BEGIN

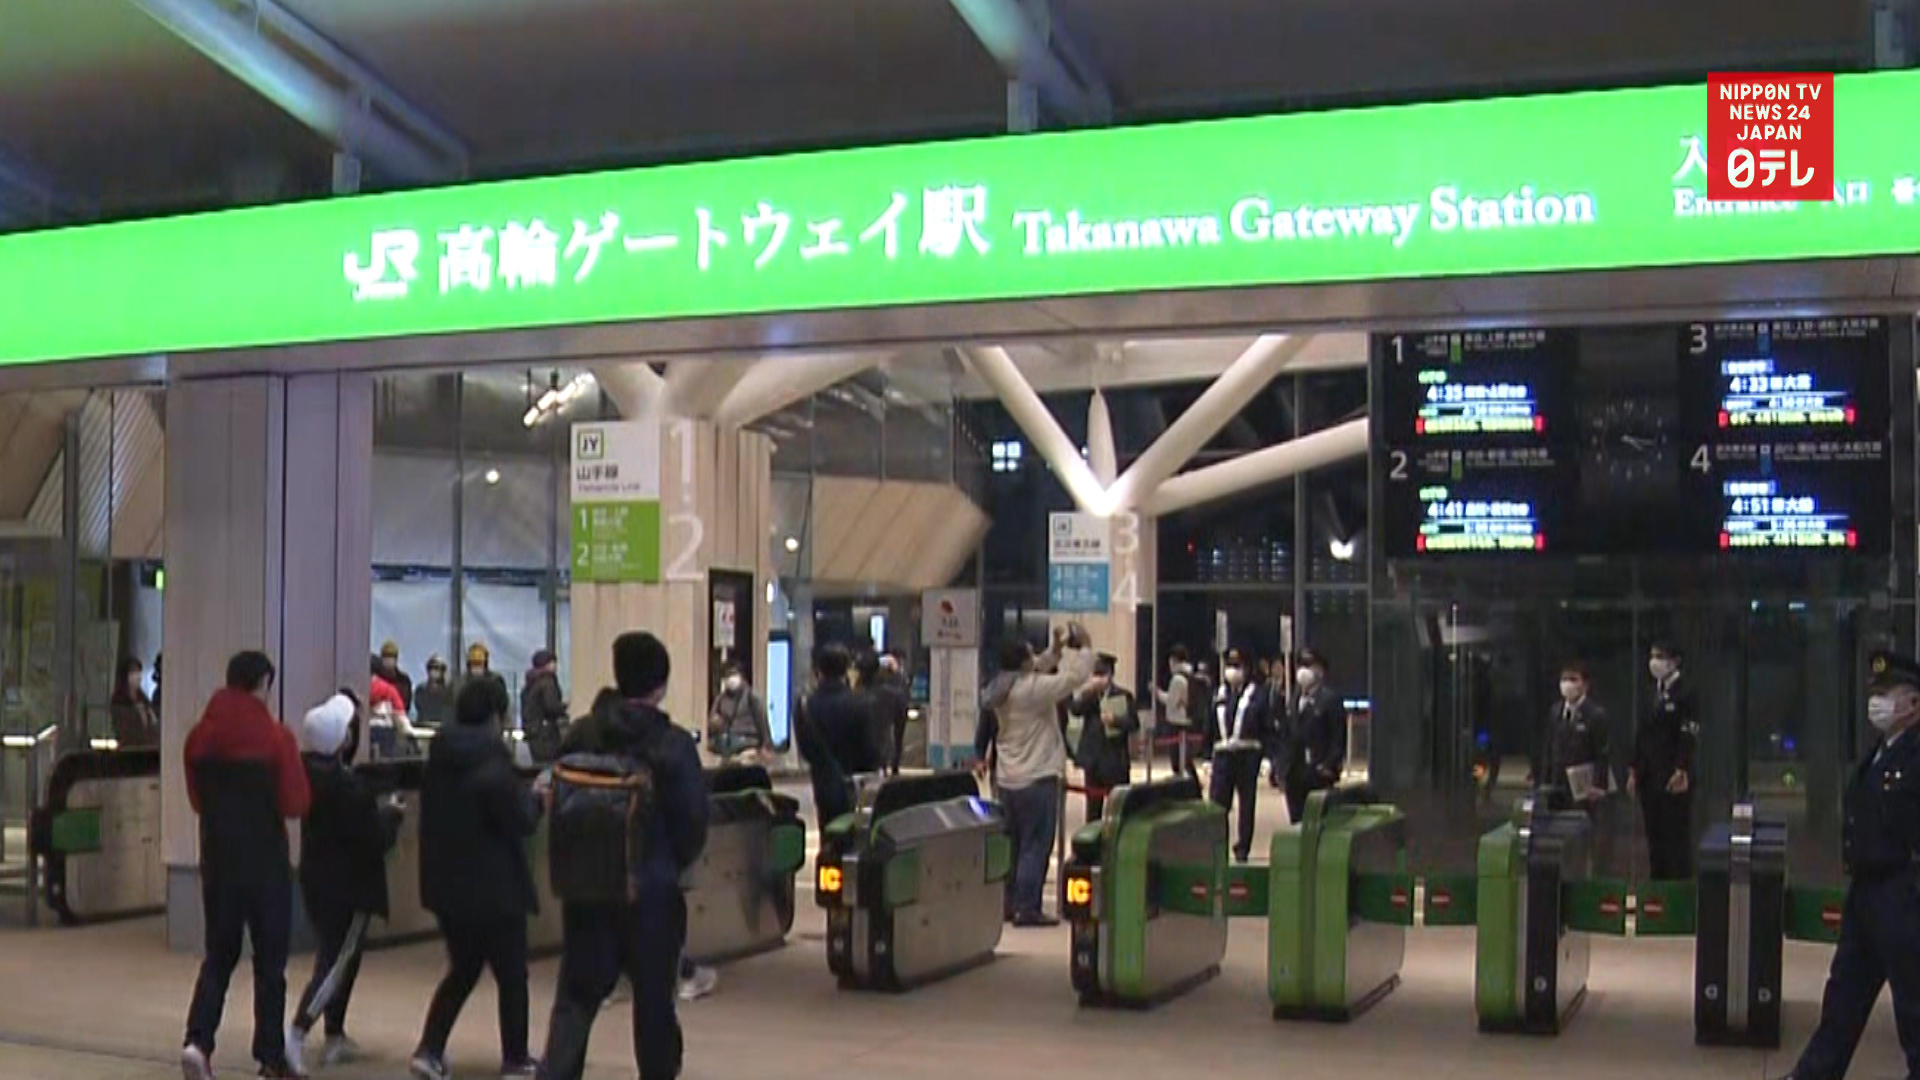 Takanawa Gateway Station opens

END
BEGIN

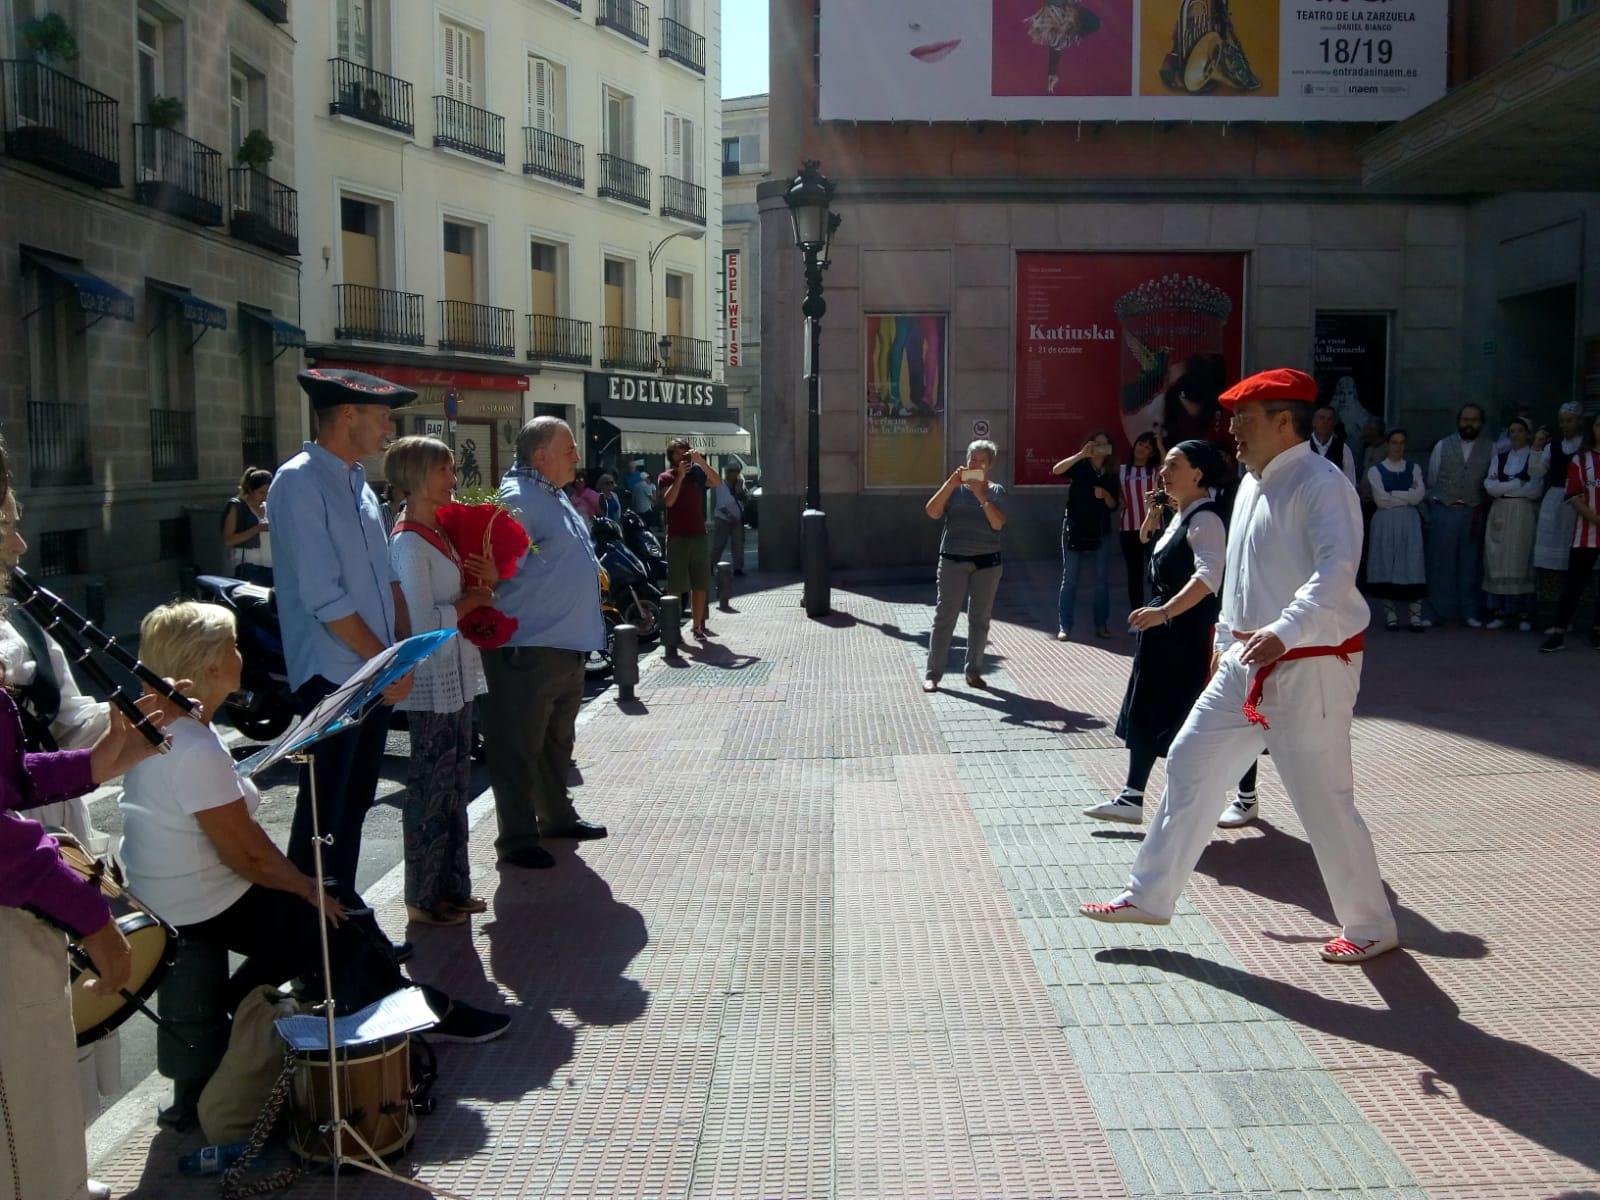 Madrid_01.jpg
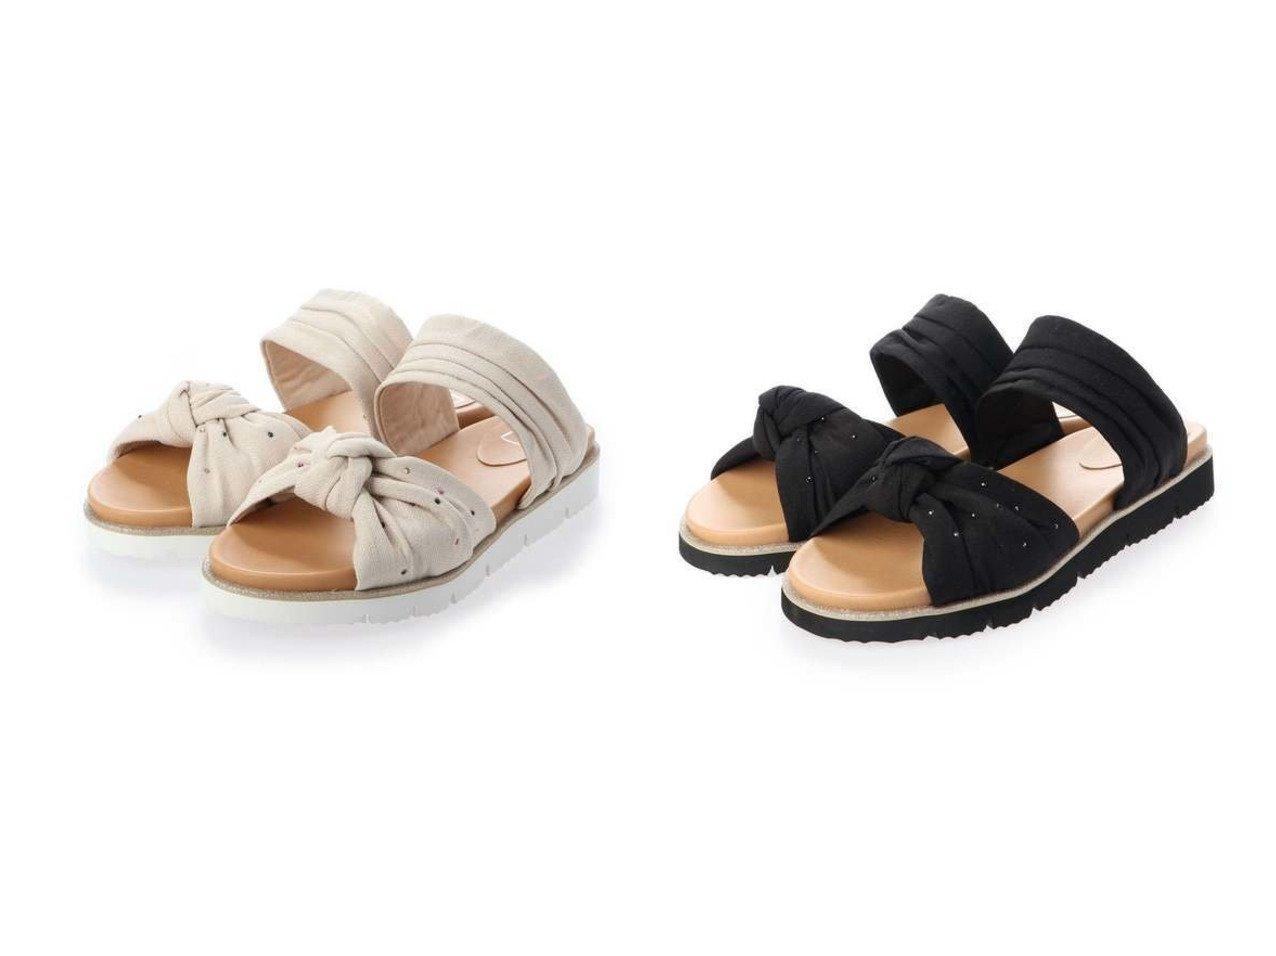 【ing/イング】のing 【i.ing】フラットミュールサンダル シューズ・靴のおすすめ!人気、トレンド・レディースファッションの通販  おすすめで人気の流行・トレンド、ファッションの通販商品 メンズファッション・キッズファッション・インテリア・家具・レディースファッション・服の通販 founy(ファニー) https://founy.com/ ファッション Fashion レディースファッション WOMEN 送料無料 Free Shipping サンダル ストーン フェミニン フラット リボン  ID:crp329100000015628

END
BEGIN

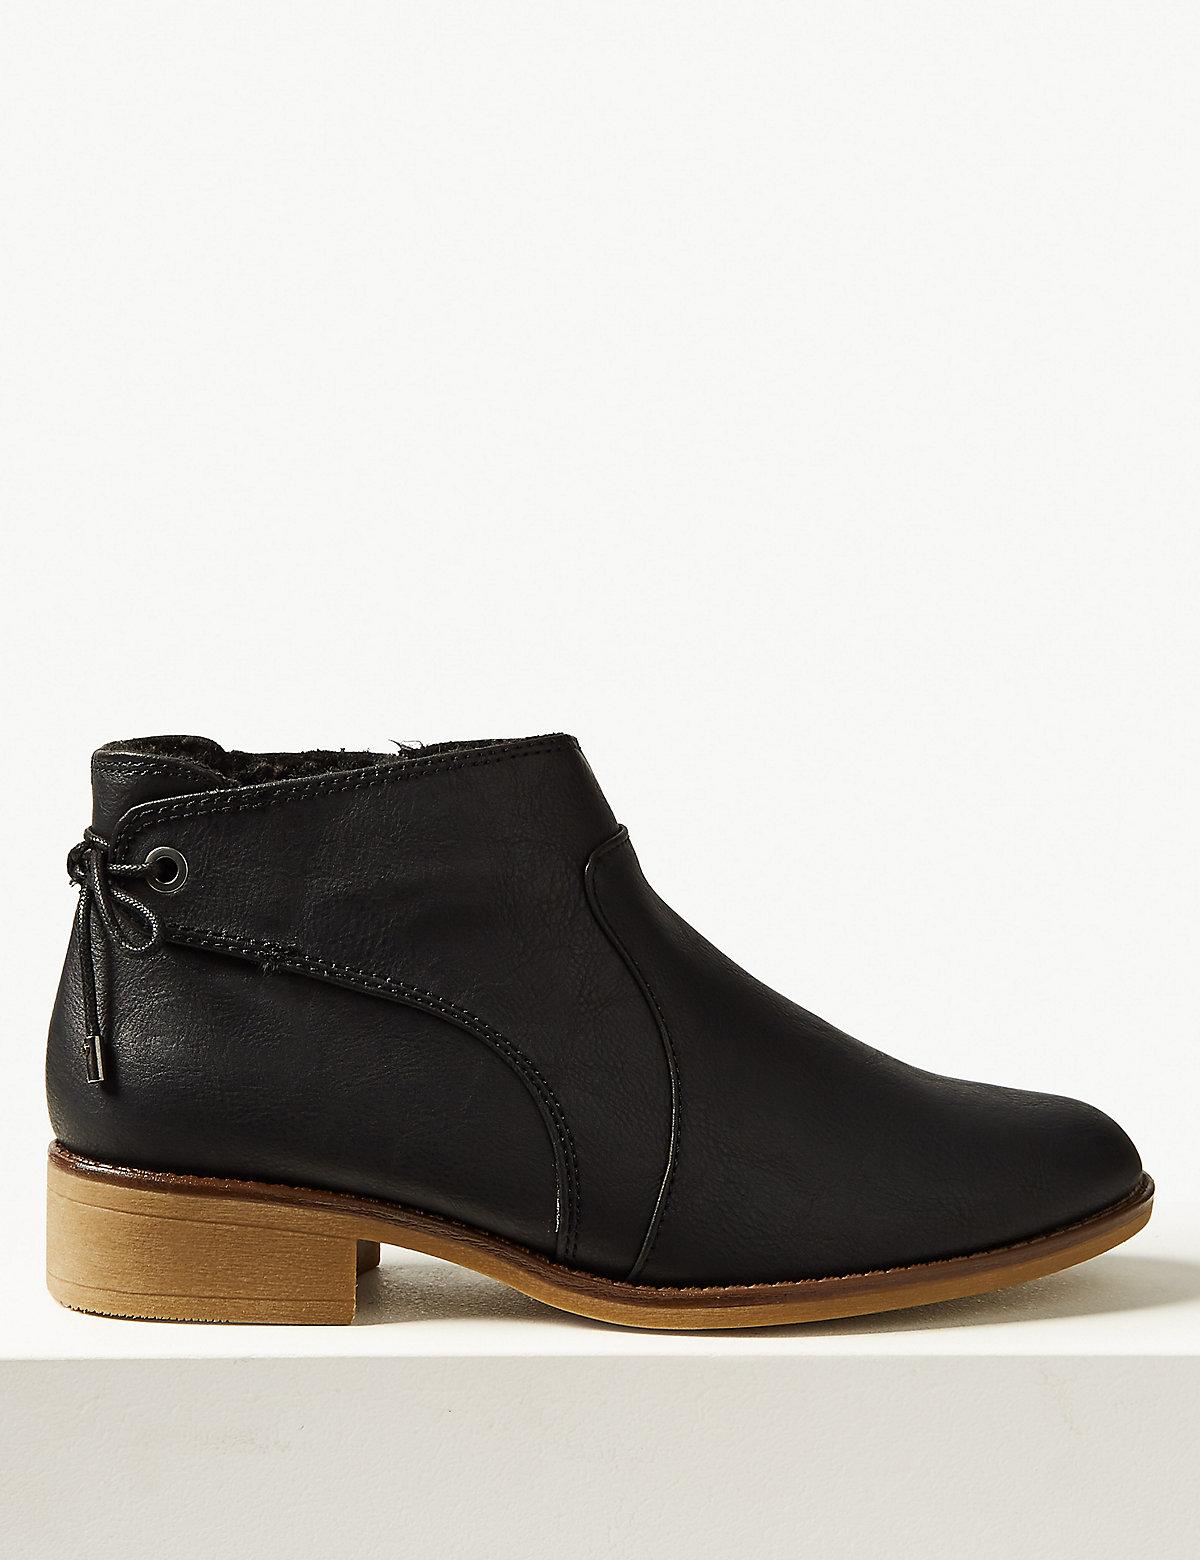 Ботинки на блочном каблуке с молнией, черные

END

What do the entries above read from the line containing "Madrid_01.jpg" through the line containing "founy(ファニー) https://founy.com/ ファッション"? Output those lines exactly, both ends included, with the pictures left out.

 Madrid_01.jpg
 【ing/イング】のing 【i.ing】フラットミュールサンダル シューズ・靴のおすすめ!人気、トレンド・レディースファッションの通販  おすすめで人気の流行・トレンド、ファッションの通販商品 メンズファッション・キッズファッション・インテリア・家具・レディースファッション・服の通販 founy(ファニー) https://founy.com/ ファッション Fashion レディースファッション WOMEN 送料無料 Free Shipping サンダル ストーン フェミニン フラット リボン  ID:crp329100000015628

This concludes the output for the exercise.